For the sake of consistency between sender and recipient addresses, myorigin also specifies the domain name that is appended to an unqualified recipient address.
Examples (specify only one of the following): /etc/postfix/main.cf:
myorigin = $myhostname (default: send mail as "user@$myhostname") myorigin = $mydomain (probably desirable: "user@$mydomain")
Learn more here:
Best Postfix Documentation: http://www.postfix.org/BASIC_CONFIGURATION_README.html
What Domains to Receive Mail For
The mydestination parameter specifies what domains this machine will deliver locally, instead of forwarding to another machine. The default is to receive mail for the machine itself.
Example 1: default setting.
mydestination = $myhostname localhost.$mydomain localhost
Example 2: domain-wide mail server.
mydestination = $myhostname localhost.$mydomain localhost $mydomain
Example 3: host with multiple DNS A records.

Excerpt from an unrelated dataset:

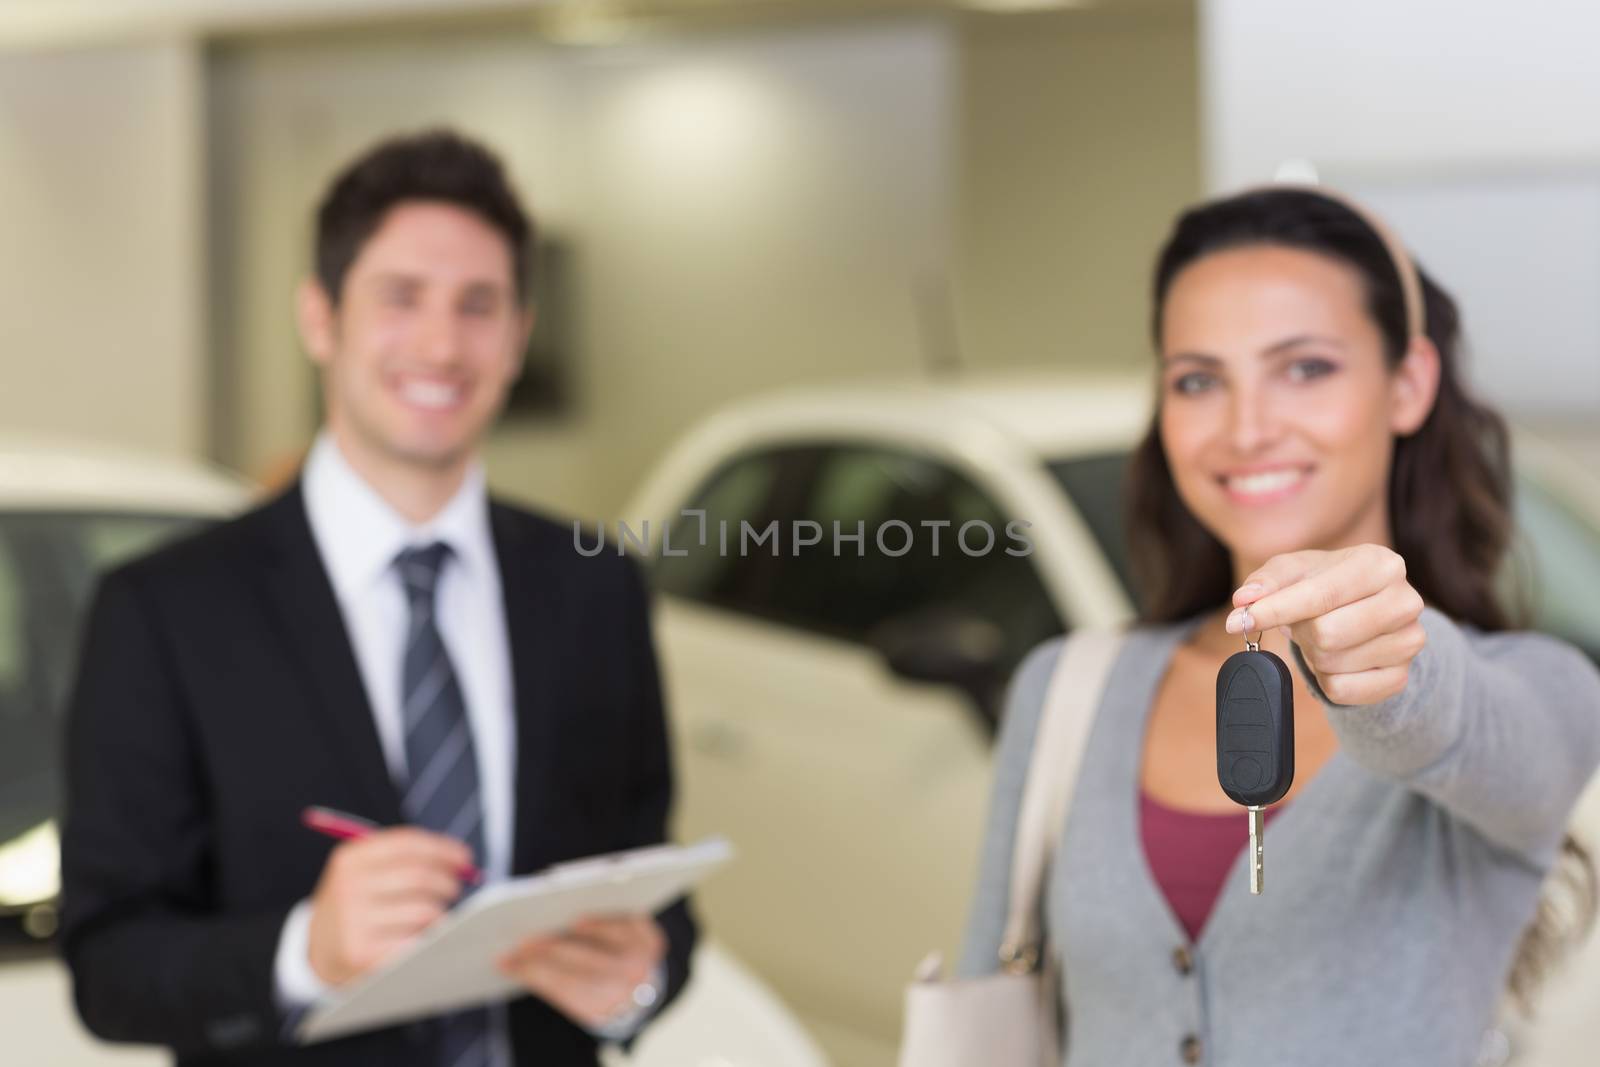 Female driver showing a key after bying a new car at new car showroom

mydestination = $myhostname localhost.$mydomain localhost www.$mydomain ftp.$mydomain
Caution: in order to avoid mail delivery loops, you must list all hostnames of the machine, including $myhostname, and localhost.$mydomain.
Learn more here:
Best Postfix Documentation: http://www.postfix.org/BASIC_CONFIGURATION_README.html
What Clients to Relay Mail From
By default, Postfix will forward mail from clients in authorized network blocks to any destination. Authorized networks are defined with the mynetworks configuration parameter. The current default is to authorize the local machine only. Prior to Postfix 3.0, the default was to authorize all clients in the IP subnetworks that the local machine is attached to.
IMPORTANT: If your machine is connected to a wide area network then the "mynetworks_style = host" setting may be too friendly.
Examples (specify only one of the following):
mynetworks_style = subnet (not safe on a wide area network/default) mynetworks_style = host (authorize local machine only) mynetworks = 127.0.0.0/8 (authorize local machine only) mynetworks = 127.0.0.0/8 168.100.189.2/32 (authorize local machine) mynetworks = 127.0.0.0/8 168.100.189.2/28 (authorize local networks)
You can specify the trusted networks in the main.cf file, or you can let Postfix do the work for you. The default is to let Postfix do the work. The result depends on the mynetworks_styl parameter value.
Specify "mynetworks_style = host" when Postfix should forward mail from only the local machine.
Specify "mynetworks_style = subnet" (the default) when Postfix should forward mail from SMTP clients in the same IP subnetworks as the local machine. On Linux, this works correctly only with interfaces specified with the "ifconfig" command.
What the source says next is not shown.